For her part, Applejack leaned back in her chair. “Trust me, sugar, this isn’t the first time I’ve been present for this kind of admission. At least she’s doing it better than the last one I knew.” To that, Jade gave her an annoyed look that said Really?

Meanwhile, Code just continued to pace. “Look, I gotta wake up, get a hold of the real Jade and see if she can get me to the campus clinic. I’ll have to explain what happened, and it’ll probably get Roll in a world of shit, but Goddammit, Roll, you deserve it for doing this to m—” He suddenly found his head being turned around, surrounded in a field of mauve.

He was immediately turned to face a small animal the size of a German Shepherd; it looked like a toy version of a unicorn. The creature looked at him with sad eyes and said, “Code, you’re not dreaming.”

Code did the only thing he could think of: he passed out again.
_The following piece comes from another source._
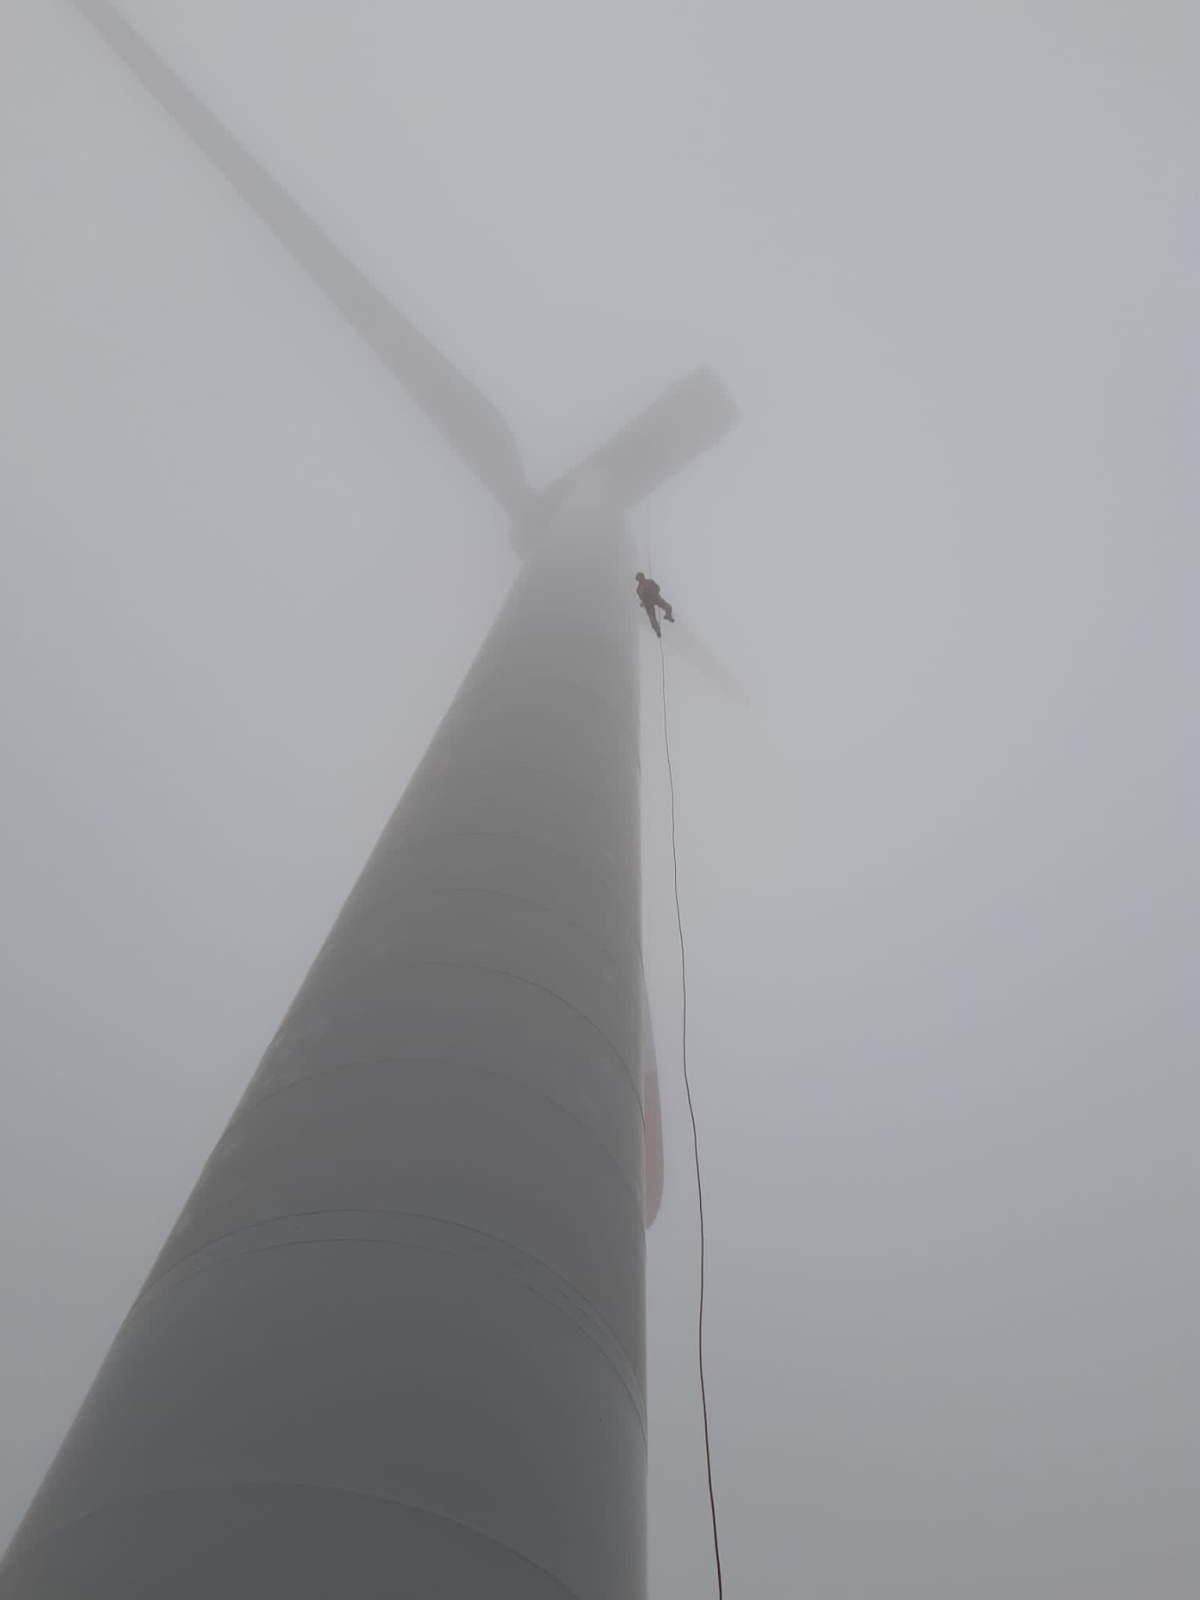 014-Výcvik lezců větrná elektrárna Pchery (2).jpeg

“Okay,” Applejack grunted. “I take it back: you really screwed the pooch on this one, sugar.”

Jade brushed her mane out of her eyes and looked at her friend. “AJ, not helping at all.”

“Yeah, well getting teleported two time zones out of nowhere will do that to you,” she said flatly. “Now if you’ll excuse me, Ah need to figure out how Ah’m going to explain to my family why Ah can’t work at the store today, or for that matter, why Ah left the house at five in the fucking morning.” Getting up from the table, she departed the room.

Jade sighed and facehoofed. “Great, just great. I am soooo glad Lord Starswirl will never see this, because my old master would probably be laughing his plot off at me right now.”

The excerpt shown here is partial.